C'est donc avec quelques provisions, des gourdes et des sacs à dos de cuirs remplis de peaux que Maxim et elle partirent en direction d'Austeen.
Anya, qui avait fait ce trajet des milliers de fois, savait qu'une journée de marche à un bon rythme suffisait pour atteindre la ville. Toutefois, elle comprit vite qu'avec Maxim le voyage serait beaucoup plus long. En plus de marcher avec une extrême lenteur, le Terrien avait la fâcheuse tendance à s'arrêter à chaque arbre ou nouveau buisson qu'ils voyaient. Parfois il se figeait pour prêter l'oreille à un son et il passait son temps à la questionner sur le nom des arbres, des plantes et même des animaux qu'ils apercevaient de temps à autre.
C'était insupportable ! Elle dut réprimer bon nombre de soupirs ou même l'envie de filer en douce sans lui. Elle n'avait pas que ça à faire !

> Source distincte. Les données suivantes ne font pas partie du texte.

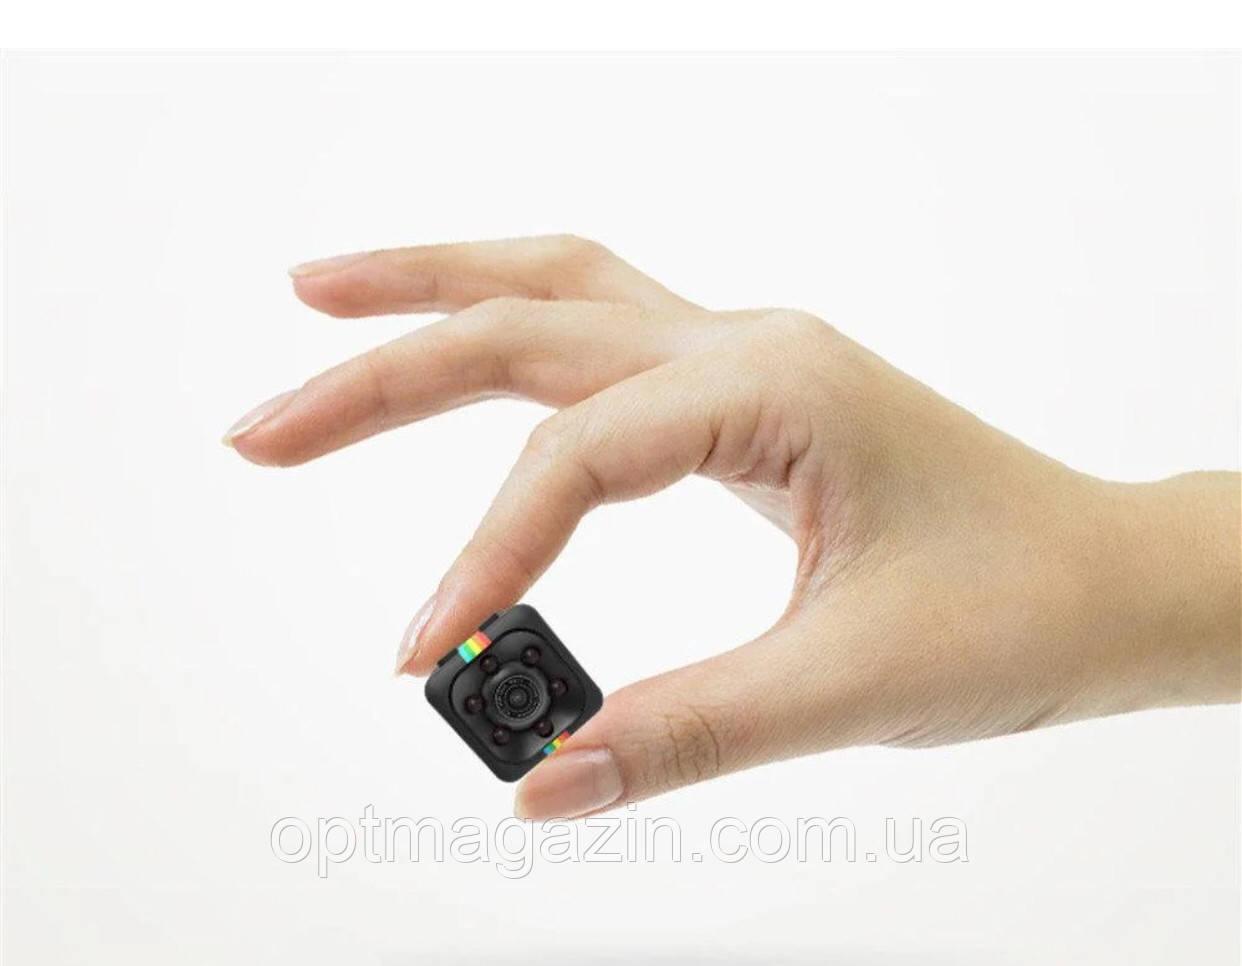 Міні камера (екшн камера) SQ11

Après un moment, elle dut tout de même admettre qu'elle aurait fait la même chose à sa place. Se retrouver sur une nouvelle planète du jour au lendemain n'avait rien de banal. Certes, ce devait être inquiétant, mais surtout fascinant ! Par l'entremise des yeux candides de Maxim, elle avait l'occasion de redécouvrir la forêt dans laquelle elle vivait depuis des années. Aussi bien en profiter.
Néamoin, en plus de marcher au rythme d'une limace, Maxim semblait s'essouffler plus que de raison. Le chemin vers Austeen était en pente douce et ils suivaient un sentier bien tapé par le passage répété de voyageurs. Il n'avait aucune raison de chercher son air de la sorte. Peut-être n'était-il pas habitué à l'exercice physique ? Son séjour dans l'espace l'avait-il affaibli ?
Toujours est-il qu'ils furent contraints de s'arrêter à plusieurs reprises pour permettre à Maxim de récupérer. Anya finit par abandonner l'idée d'arriver en une journée et décida de monter un campement de fortune aux trois quarts du trajet. C'était ça, ou se cogner le nez à des boutiques fermées en plein milieu de la lune.